In their work, published in this issue of Polish Archives of Internal Medicine, Stępień et al1 highlighted a potential link between serum concentration of neutrophil extracellular traps (NETs) in coronary artery disease and high doses of rosuvastatin or atorvastatin. A novel aspect of this study is to show that statins favorably modify fibrin clot properties in coronary atherosclerosis, a finding that could significantly impact future research and clinical practice.
Neutrophils are elements of the first‑line immunological response, and play an active role in atherosclerotic plaque formation, as they promote low‑density lipoprotein vascular deposition and oxidation.2 Activated neutrophils release web‑like structures known as NETs, composed of histones, myeloperoxidase (MPO), and decondensed DNA, provoking procoagulant and proinflammatory endothelial cell phenotypes.3 The NET‑related immunothrombotic etiopathology relies on the formation of fiber and histone network that accumulates platelets, erythrocytes, leukocytes, and plasma proteins, which interact with von Willebrand factor.4 NETs are postulated to activate endothelial cells, leading to their structure and function impairment via MPO/H2O2-dependent activation of toll‑like receptor 4 / nuclear factor κ-light‑chain enhancer of activated B cell signaling and overexpression of adhesion molecules.5
The inflammatory background of atherosclerosis and its role in acute cardiovascular events6 points to a possible modulatory role of NETs in clinical practice.

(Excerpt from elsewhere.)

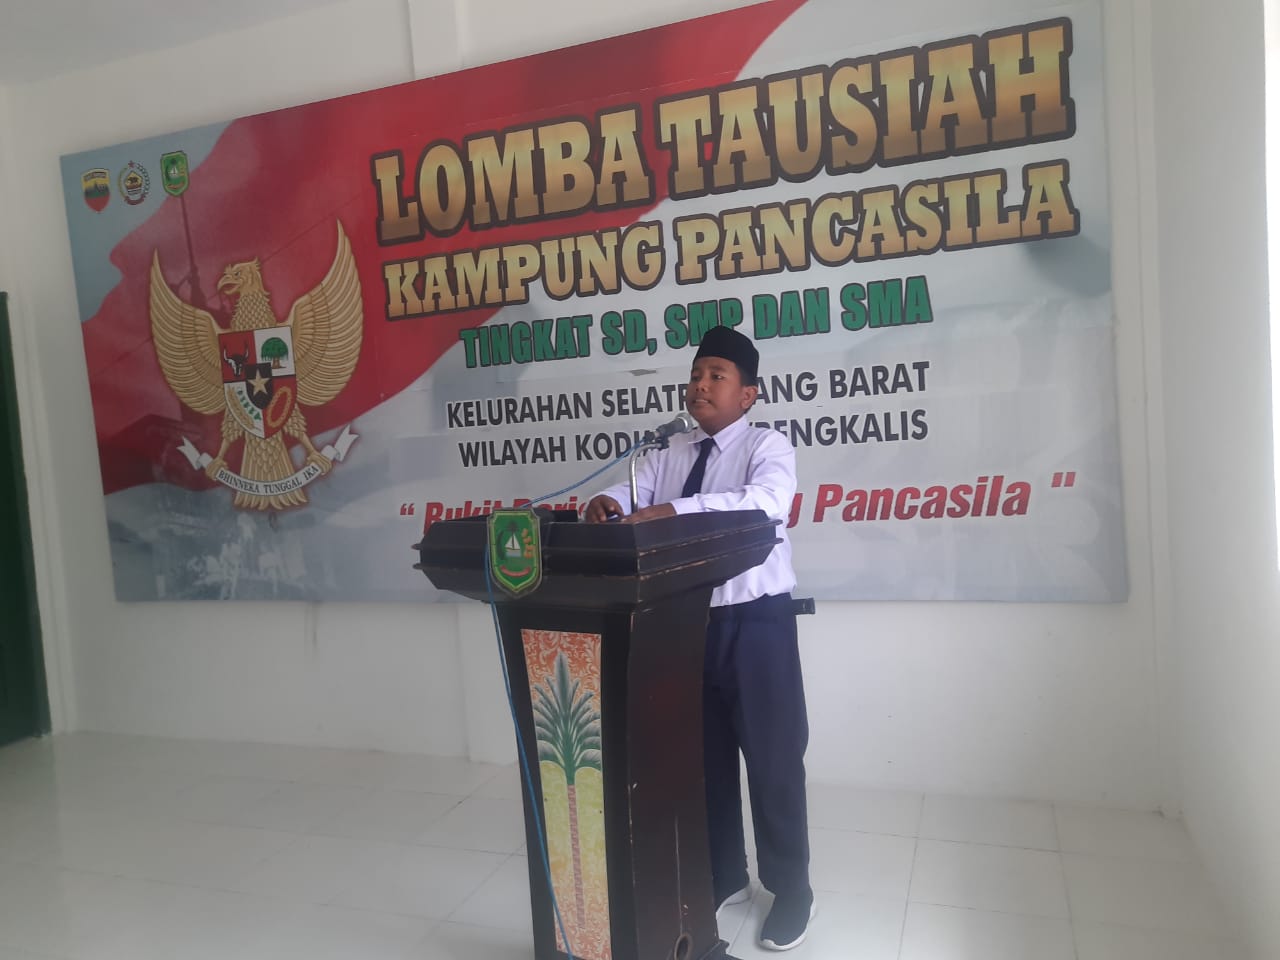 Pemberdayaan Kampung Pancasila, TNI Gelar Lomba Tausiyah Meranti Tingkat Siswa

Increased NET formation is associated with chronic and acute syndromes related to plaque rupture and myocardial impairment.7 MPO, neutrophil elastase, and cell‑free DNA complexes are among specific NET biomarkers, and the presence of NET formation–related citrullinated H3 histones (H3cit) indicates activation of protein arginase deiminase 4.
A relation between H3cit representing the NET marker and right ventricular performance in patients with left ventricular assist device was recently suggested.8
Lipid‑lowering agents, such as statins (3‑hydroxy‑3‑methylglutaryl coenzyme A‑reductase inhibitors) have multiple pleiotropic properties, including anti‑inflammatory ones.9 Some works suggest statin effects on plaque stability, thrombosis reduction, and their possible role in oxidative stress reduction.10 Vavlukis et al11 identified a possible impact of rosuvastatin therapy on the concentration of vascular endothelial growth factor and epidermal growth factor, which may modify cardiovascular risk independently of lipid homeostasis. Atorvastatin administration may result in anti‑inflammatory and antiatherogenic effects through modulation of the early stages of plaque formation triggered by lipoprotein influx into the arterial wall, which is facilitated by signaling pathways via reactive oxygen species and downstream phosphorylation of extracellular signal‑regulated kinase 1/2 and Smad2L.12
The analysis by Stępień et al1 emphasizes the unique antithrombotic properties of high doses of statins, which may provide novel insights into atherosclerosis pathophysiology and possible targets for future therapies. In a collaborative analysis,13 aggressive lipid‑lowering therapy combined with its anti‑inflammatory effect was suggested as a new target in cardiovascular risk reduction. In another recent study,14 the antithrombotic effect of statin therapy was noticed, resulting in less severe prothrombotic fibrin clot phenotype.